Okres wizyt duszpasterskich rozpoczął się na dobre, a wraz z nim pojawiają się pytania i emocje związane z organizacją kolędy. W tym roku w wielu parafiach obowiązują nowe praktyki, które mogą zaskoczyć wiernych. Nie chodzi tylko o kwestie finansowe, ale także o sposób zapraszania księży do domów parafian, który w ostatnich latach uległ istotnym zmianom.
Jedną z najważniejszych zmian jest rezygnacja z odwiedzania wszystkich domów w parafii.
Tradycyjny zwyczaj, gdzie ministranci zapowiadali wizytę duszpasterską, w wielu miejscach odszedł w przeszłość. Teraz to parafianie muszą wykazać inicjatywę i zgłosić chęć przyjęcia księdza.

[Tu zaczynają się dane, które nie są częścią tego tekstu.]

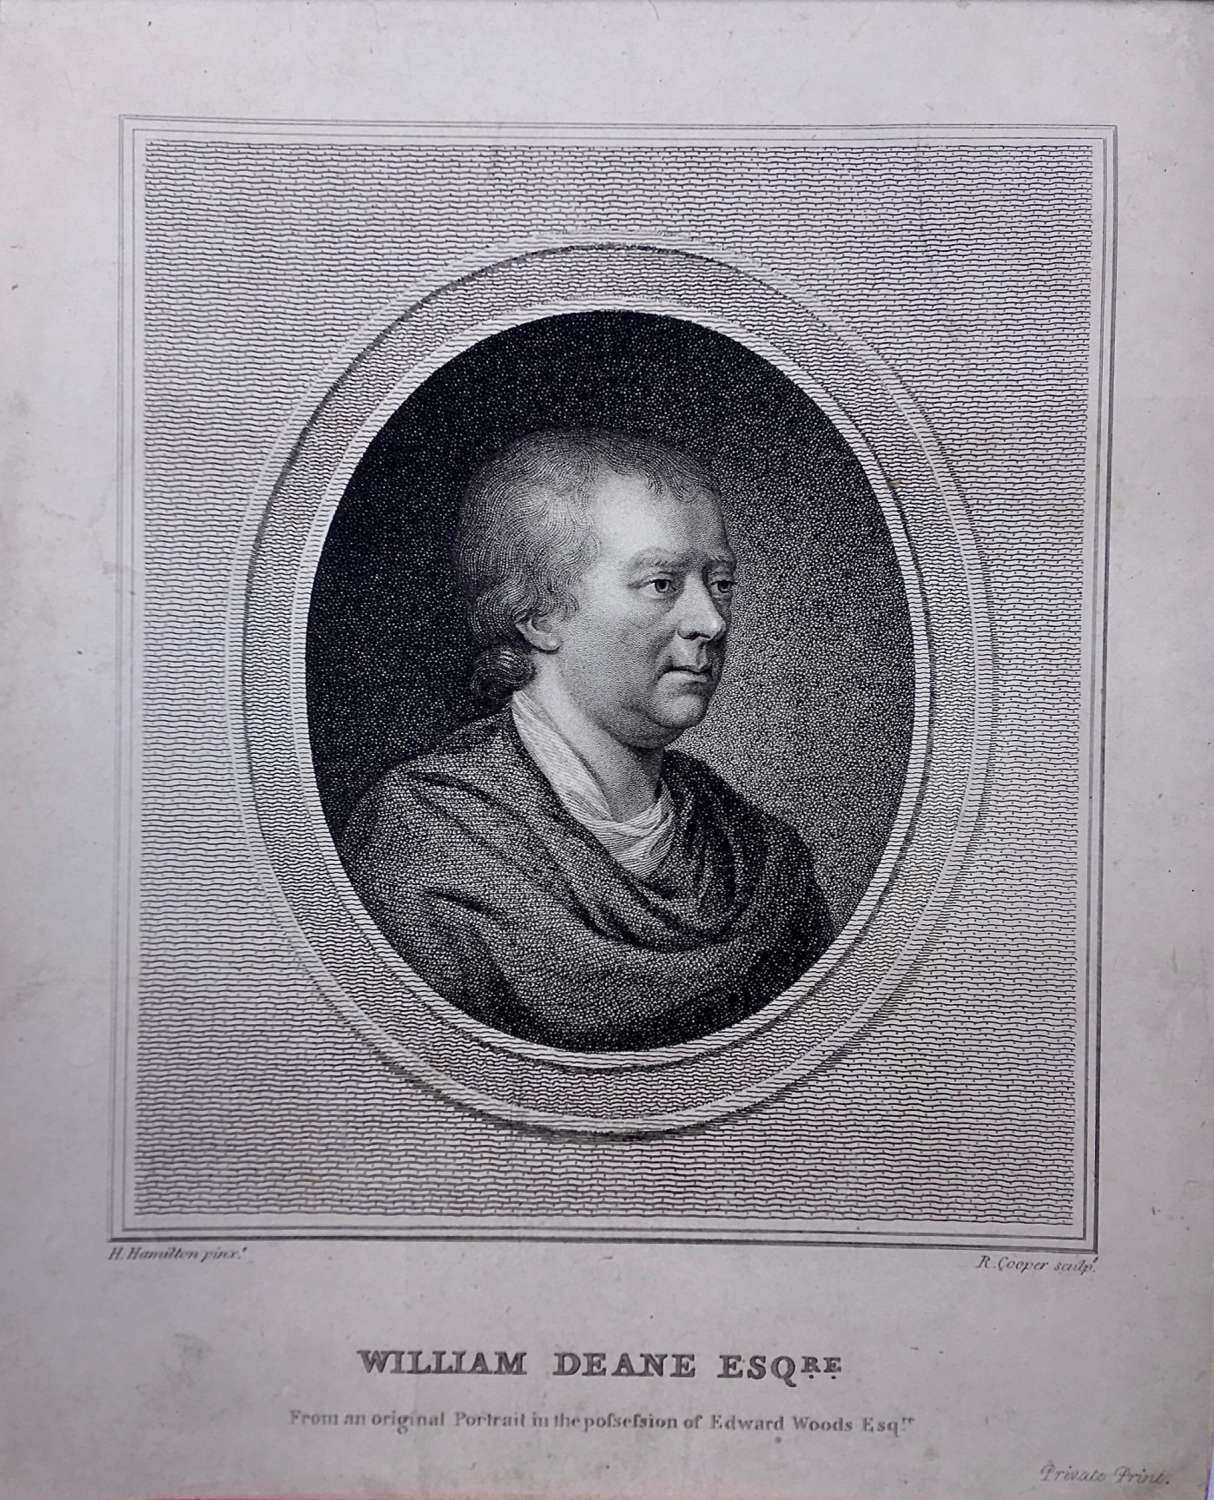 A rare privately issued portrait engraving of William Deane (d. 1793)

Taki system wprowadzono już w wielu parafiach, m.in. w Strzelcach Górnych czy Warszawie. – Nikt nie powinien czuć się zobowiązany do organizowania kolędy w swoim domu, jeśli tego nie chce – tłumaczy proboszcz jednej z warszawskich parafii w rozmowie z „Wprost”.
Kwestia finansowa, która od lat towarzyszy kolędzie, również wzbudza wiele emocji. W niektórych parafiach księża jasno deklarują, że nie zbierają ofiar podczas wizyt. Na przykład Parafia św. Michała w Opolu informuje, że ofiary można złożyć dobrowolnie podczas późniejszych zbiórek. – Jeśli będziecie mieli życzenie, to ofiary kolędowe będzie można złożyć podczas kolekty pokolędowej – czytamy w komunikacie.
Z kolei inne parafie precyzyjnie określają, na co przeznaczone będą środki. W Strzelcach Górnych pieniądze z wizyt duszpasterskich mają pokryć koszty nowego nagłośnienia i mikrofonów do kościoła. Jeszcze inną praktyką było ustalenie „proponowanych” kwot, jak miało to miejsce dwa lata temu w Narwi, gdzie parafia opublikowała konkretne stawki: 500 zł od rodziny i 250 zł od osób samotnych.
Kolęda to czas, który od lat łączy wiernych z duchowieństwem, ale zmieniające się realia skłaniają do refleksji nad jej organizacją. Wiele parafii kładzie nacisk na dobrowolność i brak przymusu, zarówno w kwestii przyjęcia księdza, jak i składania ofiar. – Nie chodzi o pieniądze, a o możliwość rozmowy i wspólnej modlitwy – podkreślają duchowni.